After scoring their data, users are encouraged to examine their final results and decide to either keep their current parameters or re-run the processing and scoring stages with different parameters. Some of the most consequential parameters include the choice of hypothesis testing (we recommend moderated t-testing as opposed to Wilcoxon rank-sum testing for most screens), whether or not to loess-normalize residual effects, and the choice of FDR and effect size thresholds for hit-calling. Table 1 provides more information on these and other parameters, as well as their recommended use cases.
Chosen data for procedures
The procedures below demonstrate the application of the Orthrus package for analyzing two combinatorial CRISPR screening example datasets.
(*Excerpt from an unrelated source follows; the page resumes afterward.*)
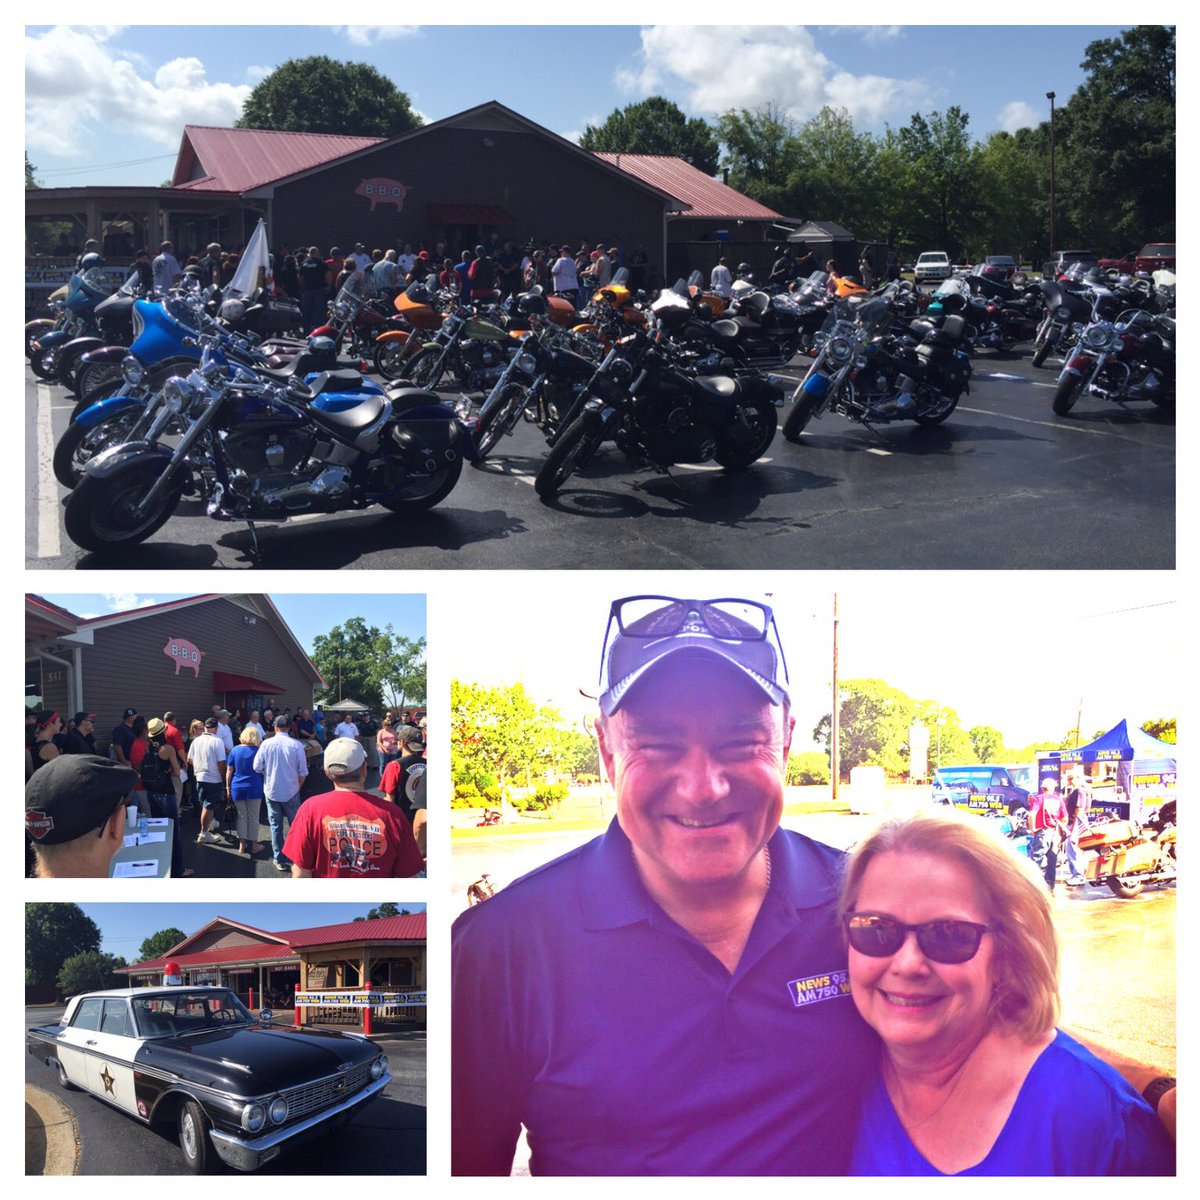 MUCH love shown at Saturday's 4th Annual Capt'n Herb Emory Motorcycle Ride benefitting Toys For Tots. Thanks to all #rememberingcaptainherb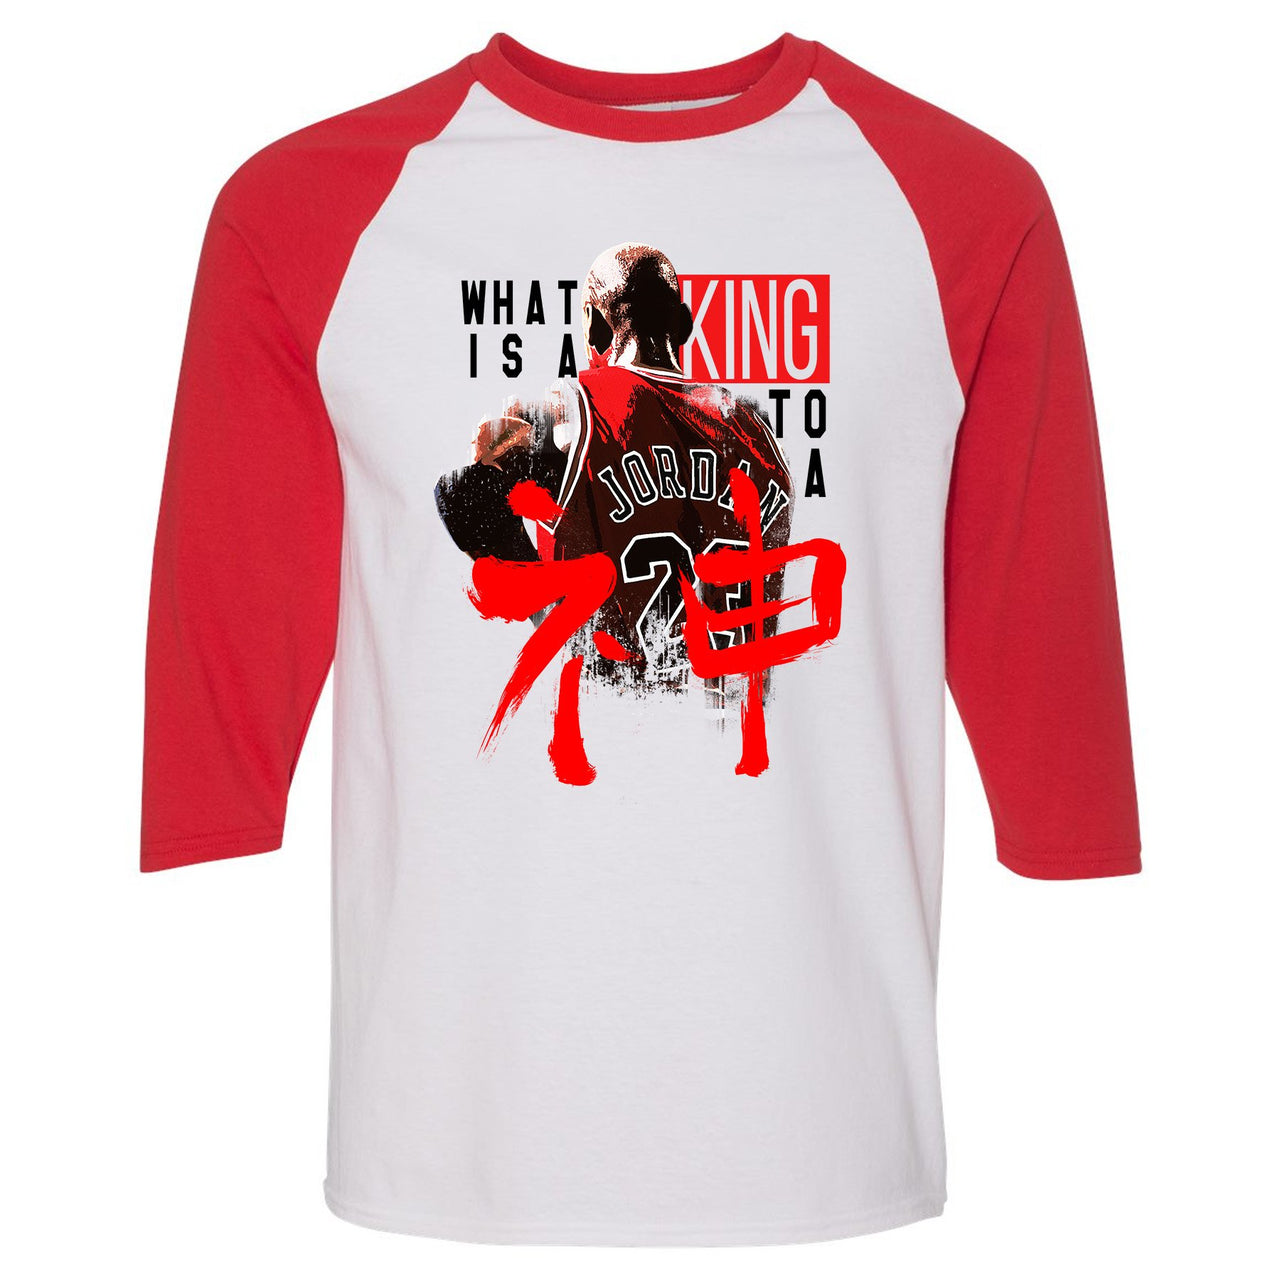 Reflections of a Champion 8s Raglan T Shirt | What Is A King To A God, White and Red

The first dataset analyzed in Procedures 1 and 2 consists of both raw sequencing data as well as a pre-processed reads file from CHyMErA screens described in Gonatopoulos-Pournatzis et al12. The second dataset analyzed in Procedure 3 contains screens from a separate multiplexed Cas12a system described in Dede et al18. All data for Procedures 1 and 3 is downloadable from the Zenodo repository here, whereas the processed reads file and required tables for Procedure 2 are bundled with Orthrus’ download.
Materials
Equipment
Software
-
Procedure 1
Tested with Bowtie 0.12.9, although any Bowtie version 1 is applicablePerl 5Bash
R version 3.6 or greater
-
Procedures 2 and 3
-
R version 3.6 or greater with the packages listed below and in Step 1 of Procedure 2
devtools
Orthrus
ggplot2
ggthemes
pheatmap
PRROC
RColorBrewer
BiocManager
limma
-
Hardware
-
Procedure 1
CPUs: tested on a machine with a single 2.6GHz Intel Core i7 processor
Memory: tested on a machine with 16 GB of RAM, but should run on most machines with 4+ GB of RAM
Operating system: tested on macOS 10.13.6 High Sierra, but should run on most Unix operating systems
An internet connection is required to download the required software, scripts and data
-
Procedures 2 and 3
Memory: at least 4 GB of RAM
Operating system: any operating system capable of running R and installing the packages listed in Step 1 of Procedure 2
An internet connection is required to download the Orthrus package
Data
The CHyMErA dataset analyzed in Procedures 1 and 2 comprises combinatorial CRISPR screens performed with the CHyMErA experimental platform in two different human cell lines, HAP1 and RPE1, across a control and a Torin1-treated condition, with read counts taken at two different timepoints for each cell line (T12 and T18 for HAP1, T18 and T24 for RPE1). While the CHyMErA dataset contains single-targeting, dual-targeting and combinatorial-targeting guides, the multiplexed Cas12a dataset analyzed in Procedure 3 only contains combinatorial-targeting guides that target 400 paralog pairs and control guides that target paralogous genes paired with non-essential genes18. These control guides are treated as single-targeting guides for scoring purposes, as they are analogous to single-targeting guides in Procedure 1 and 2’s CHyMerA dataset that target paralogous genes paired with intergenic regions.
-
Procedure 1
The subset sequencing data processed in Procedure 1 only contains reads from the WT HAP1 T18 screen
Downloadable in the “Procedure1” folder of the Zenodo repository here
-
Procedure 2
The reads file analyzed in this Procedure contains processed reads for all screens and cell lines described above
Each guide in the reads file, represented by a single row, has associated read counts for the knockout of regions specified by a Cas9 and a Cas12a guide sequence
The first set of columns in the dataset contain metadata for guide pairs, and the remaining numeric columns contain raw read counts for the guide pairs across every screen
-
This guide library contains several different types of guides
Dual-targeting guides that target the same gene twice
Combinatorial-targeting guides that target each gene of a paralogous gene pair
Single-targeting guides that target a gene’s exonic region in addition to a relatively distant intergenic region. These are required to score combinatorial-targeting guides for GIs
Bundled with Orthrus’ download
-
Procedure 3
The reads file analyzed in this Procedure contains processed reads for screens performed in A549, HT29 and OVCAR8 cell lines, and is formatted similarly to the reads file in Procedure 2
-
The guide library contains two different types of guides
Combinatorial-targeting guides that target pairs of paralogous genes
Single-targeting guides that target paralogous genes paired with non-essential control genes
Downloadable in the Zenodo repository here
Equipment Setup
Software setup
If R is not already installed, download R version 3.6 or greater from https://cran.rstudio.com/. To use R, we recommend downloading the Rstudio IDE from https://rstudio.com/products/rstudio/download/.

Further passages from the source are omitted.